There is a watering hole in Joburg’s bubble where people like to ease their troubles. These days, those cares might include rumination on the quality of the city’s water, when it flows.

The bar refuses to serve tap water on the grounds that its safety cannot be guaranteed. You could, of course, get gastro from the food or from a bad pint, but let’s not nitpick.
There are other establishments where the city’s finest vintage is off the wine list, such as Tortellino d’Oro, which recently declined to serve tap water to a colleague.
The first page of a basic web search turns up an observation on Tripadvisor from a now apparently long-gone Tortellino customer that he couldn’t get a glass of tapwater, but the nonpaying puppy at the next table could get a bowl of the stuff.
The brouhaha is back in the news after Italy’s supreme court rejected a tourist’s attempt to sue the five-star Hotel Sassongher in the Dolomites for refusing to serve her tap water, forcing her to buy a €7 bottle of water instead.
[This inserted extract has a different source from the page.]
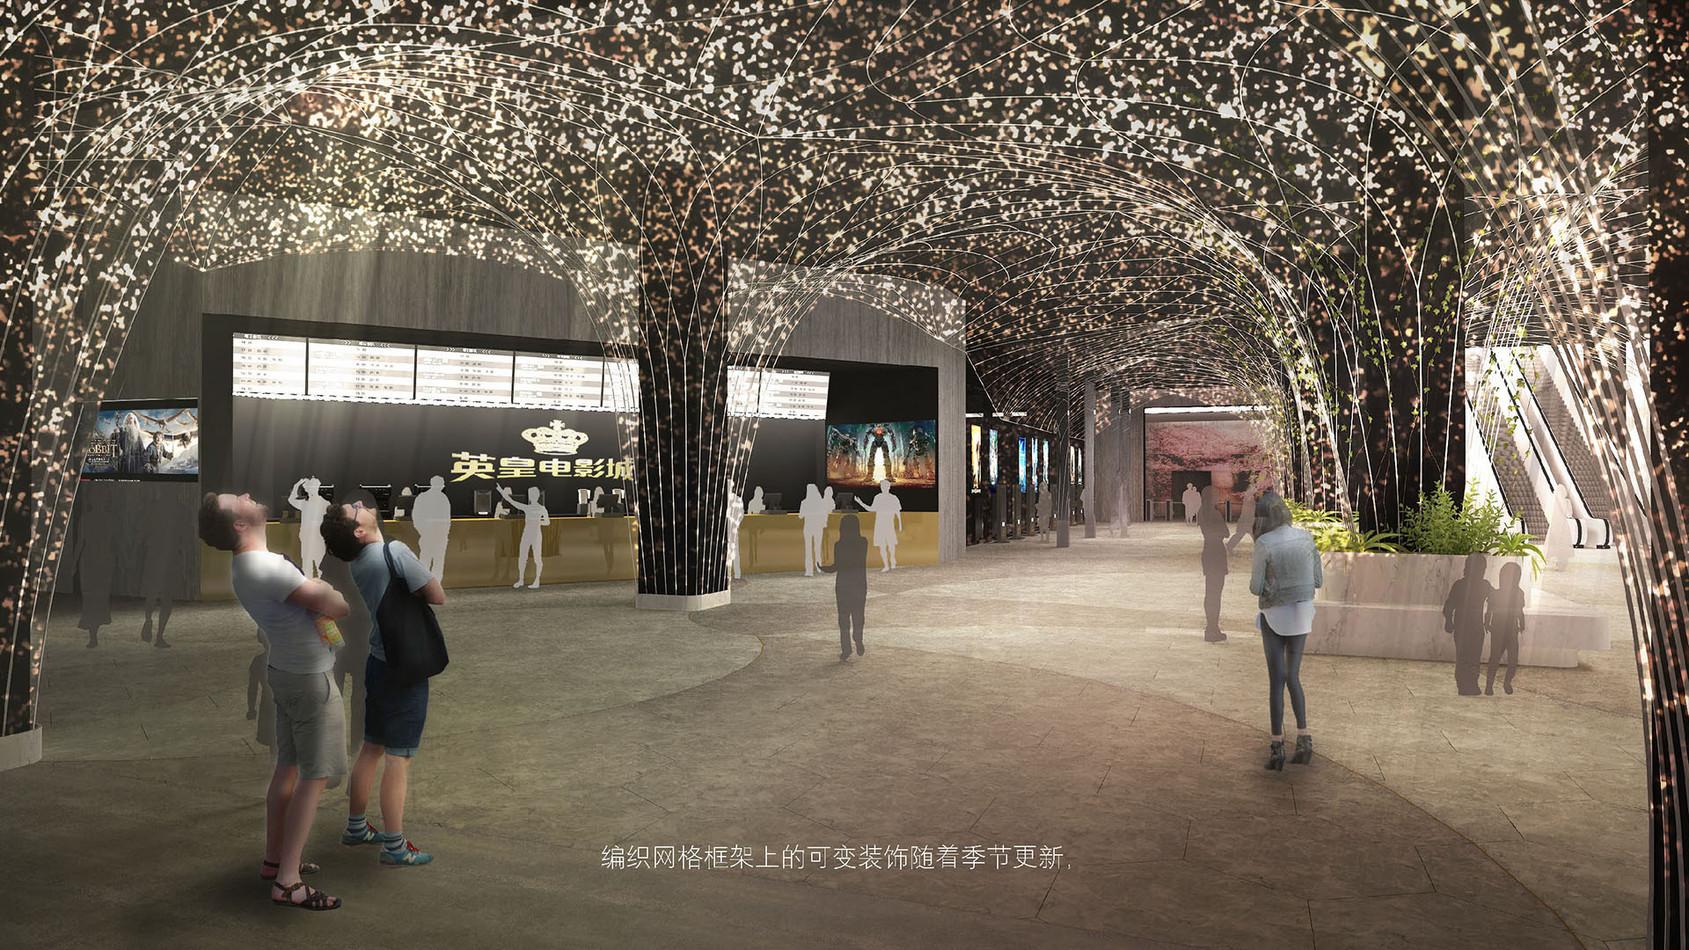 CHONGQING-EMPEROR-CINEMA-ZH 05.jpg

This is the same Italy whose drivers, travel writer Bill Bryson unforgettably noted, park as if someone had just poured hydrochloric acid on their laps, so it should not surprise you to learn that not only did the tourist lose the case, she is now on the hook for €3,200 in legal fees.
The elephant at the waterhole is the question of whether you trust your city enough to drink the water it pipes your way.
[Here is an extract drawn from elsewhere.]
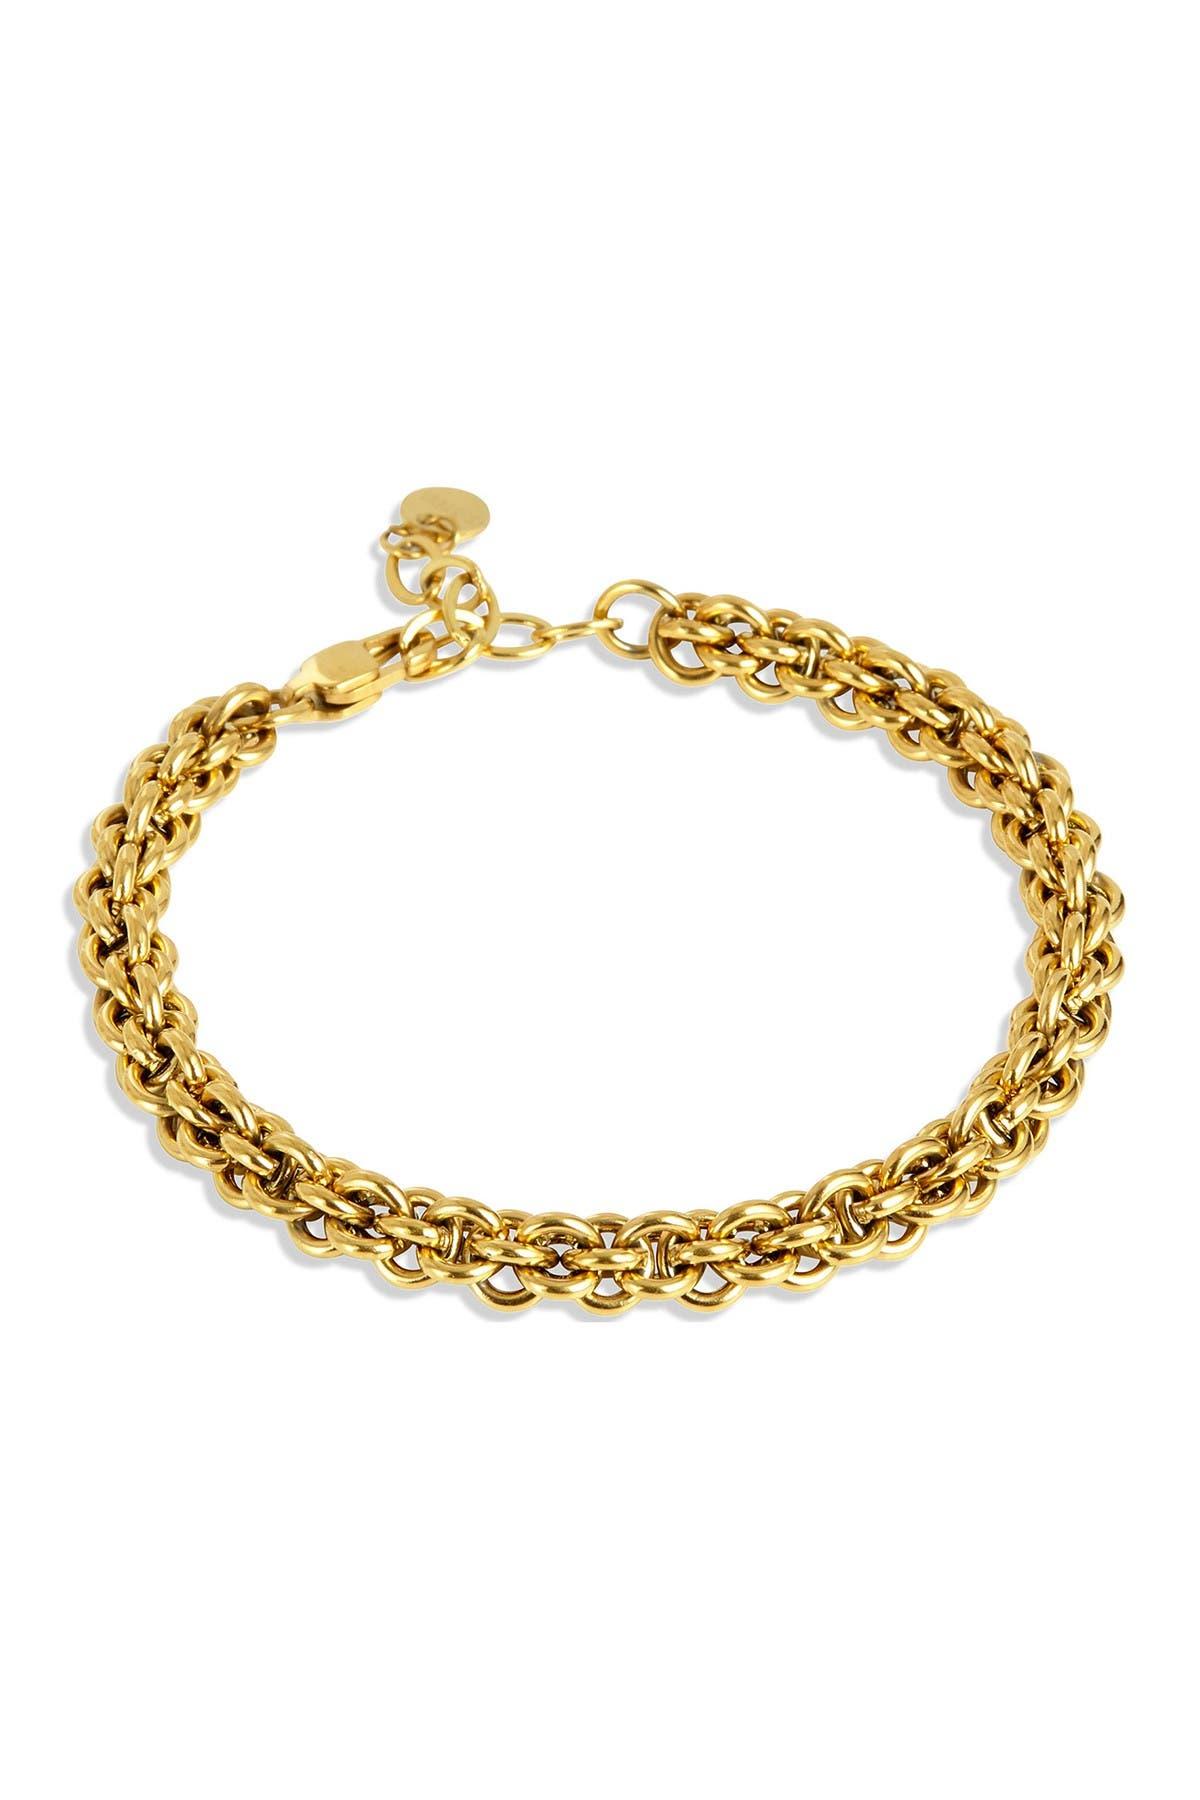 Image of Savvy Cie 14K Gold Plated Link Bracelet

There has been much worldwide hysteria about this, helped along by a global bottled water industry that will, at its lunatic end, persuade other lunatics to spend R277 for a six-pack of flavoured water, or shell out thousands for “gently bottled” hand-curated mineral water from “their” billion-year-old aquifers of dinosaur tears.
When millions of people have neither running water nor even taps, this is the stuff of “let them eat cake” — and look how that ended.